Is Euler characteristic of a simplicial complex upper bounded by a polynomial in the number of its facets ? What is the best upper bound known on the (absolute value of) the 
Euler characteristic of a simplicial complex
in terms of the number of its facets ?
In particular, I am interested in proving or disproving the following:
If $K$ is a simplicial complex with $N$ facets then 
$|\chi(K)| \leq N^{O(1)}.$  
If $K$ is "shellable" then one can show that $|\chi(K)| \leq N.$
As a partial answer, I would be interested in any other subclasses 
of simplicial complexes where the polynomial upper bound holds.
 A: If you only care about Cohen-Macaulay complexes (in particular, shellable complexes are Cohen-Macaulay) then the answer is yes.  Let $\Delta$ be a $(d-1)$-dimensional CM complex.  The key is that we should use the $h$-numbers of $\Delta$ instead of its $f$-numbers.  Most importantly: 


*

*The number of facets in $\Delta$ is the sum of its $h$-numbers (for any complex),

*$h_d(\Delta) = (-1)^{d-1}\widetilde{\chi}(\Delta)$ (also for any complex), and

*$h_j(\Delta) \geq 0$ for all $j$ (for any CM complex).

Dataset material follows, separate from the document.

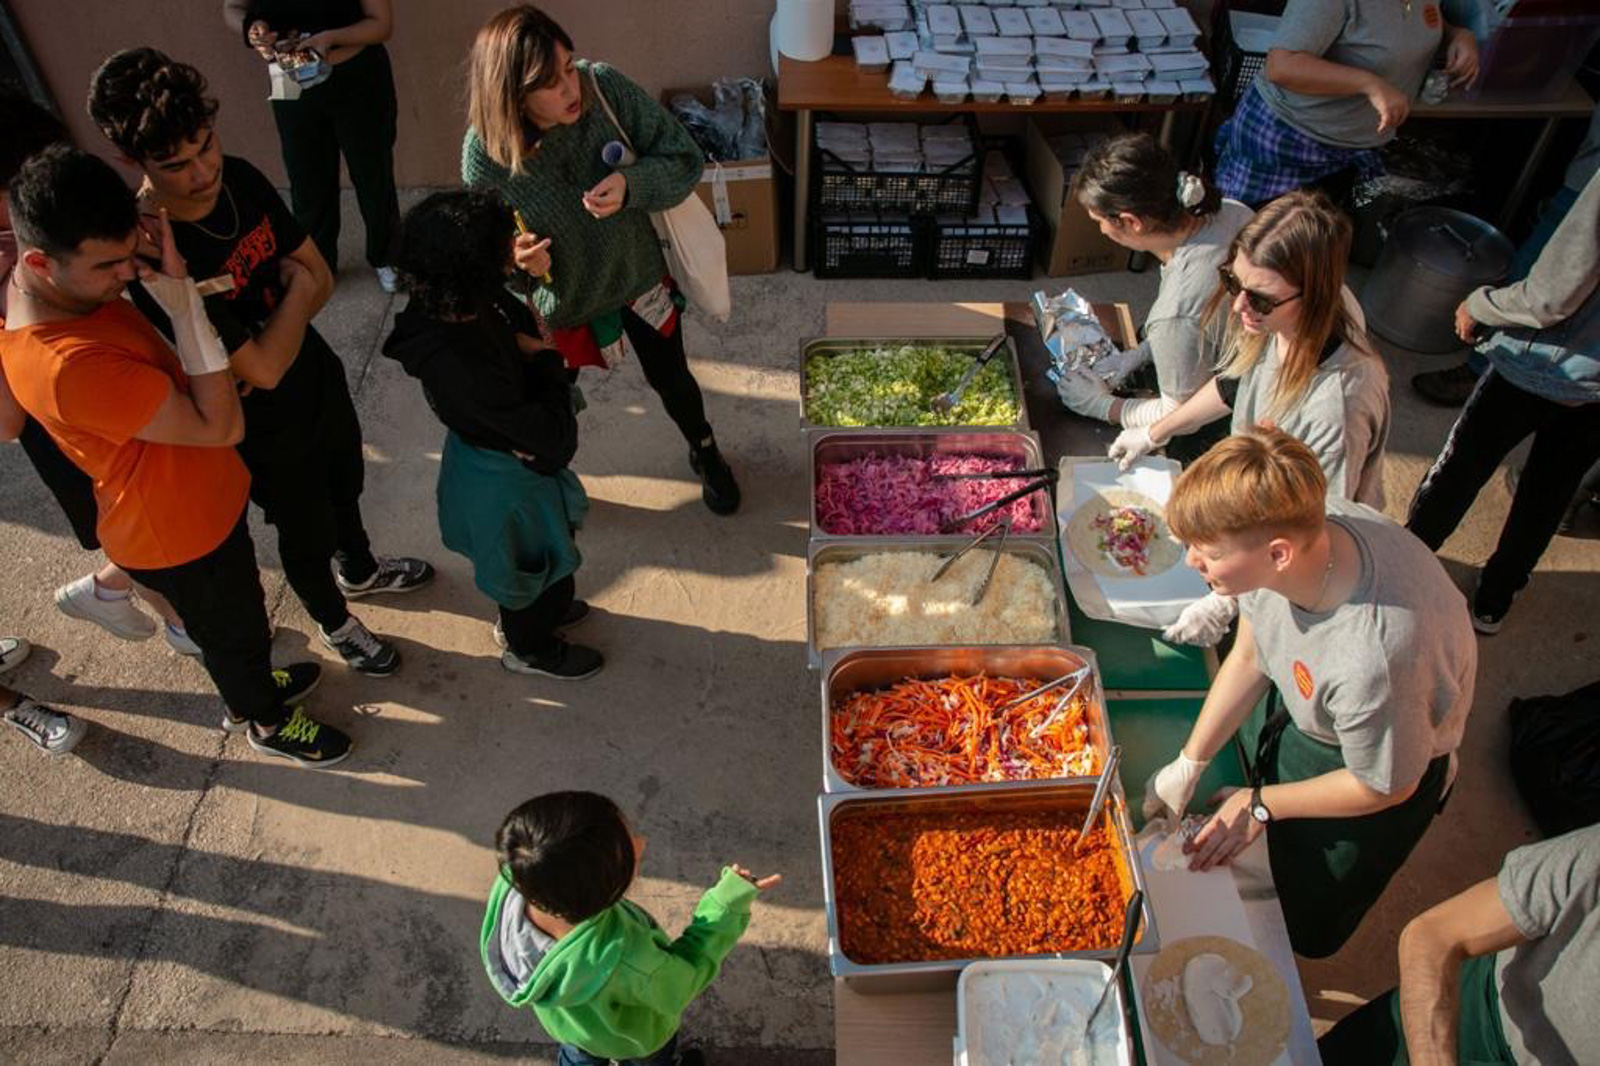 Workers serve food at the Saffron Kitchen Project in Athens

Thus $$|\widetilde{\chi}(\Delta)| = h_d(\Delta) \leq \sum_{j=0}^dh_j(\Delta) = f_{d-1}(\Delta).$$  
A:  There is no such bound. The most dramatic separation between these numbers that I can find is that, for any $n$, there is a simplicial complex with $2^{n-1}-1$ vertices, $\binom{n}{2}$ facets and Euler characteristic $1 + (-1)^{n-1} (n-1)!$.
This is really a construction about lattices. See Chapter 3 of Enumerative Combinatorics Volume 1 for background. Let $L$ be a finite lattice, with minimal and maximal element $0$ and $1$. Let $A$ be the set of atoms (elements which cover $0$) and let $B$ be the set of co-atoms (elements covered by $1$.) Let the simplicial complex $\Delta(L)$ have vertex set $B$ and have as faces those subsets of $B$ whose meet is NOT $0$. 
If $\bigwedge X \neq 0$ for $X \subset L$ then there is some $a \in A$ with $a \leq \bigwedge X$. For this $a$, we have $x \geq a$ for all $x \in X$. Thus, the facets of $\Delta(L)$ are the sets $\{b: b \geq a,\ b \in B \}$ for each $a \in A$. Thus, the number of facets is at most $|A|$. (At most because this might be the same set for two different $a$'s.
The Euler characteristic is $\sum_{k > 0} (-1)^{k-1} M_k$ where $M_k$ is the number of $k$-element subsets of $B$ whose meet is not $0$. Let $N_k$ be the number of $k$-element subsets of $k$ whose meet is $0$. Stanley (Corollary 3.9.4) shows that $\sum_{k \geq 0} (-1)^k N_k = \mu(0,1)$. Using $M_k + N_k = \binom{|B|}{k}$, and keeping track of whether or not the sum includes $k=0$, we get
$$\chi(\Delta(L)) = 1+\mu(0,1).$$
So now I just need to find a lattice whose Mobius invariant is significantly more than it number of atoms/coatoms. (I can always turn the lattice upside down to switch the two.) The partition lattice (Example 3.10.4 in Stanley) has $\binom{n}{2}$ atoms, $2^{n-1}-1$ coatoms and $\mu=(-1)^{n-1} (n-1)!$, so turning this upside down this does the trick.
Let $[n]:=\{1,2,\ldots, n \}$. Explicitly, we have a vertex $v_{AB}$ for each nontrivial partition $[n] = A \sqcup B$, where the order of $A$ and $B$ is irrelevant and "nontrivial" means $A$, $B \neq \emptyset$. Call these vertices "splits". We have a face for every set of split $\{(A_1, B_1), (A_2, B_2), \ldots, (A_r, B_r) \}$ such that there is some $i \neq j$ such that, for every $r$, the two elements $i$ and $j$ lie in the same half of the split $(A_r, B_r)$.
Another example from Stanley with superpolynomial separation is to take $L$ to be the lattice of subspaces in $\mathbb{F}_q^n$. In other words, we have a vertex for each of the $q^{n-1} + q^{n-2} + \cdots +q+1$ lines through the origin, and we have a face for every set of lines which does not span the entire vector space. So the facets are hyperplanes through the origin, which there are again $q^{n-1} + q^{n-2} + \cdots +q+1$ of. According to example 3.10.2 in Stanley, $\mu = (-1)^n q^{\binom{n}{2}}$. 
Let $v$ be the number of vertices and $f$ the number of facets. These two examples make me wonder whether the true bound is $e^{O(\log v \cdot \log f)}$.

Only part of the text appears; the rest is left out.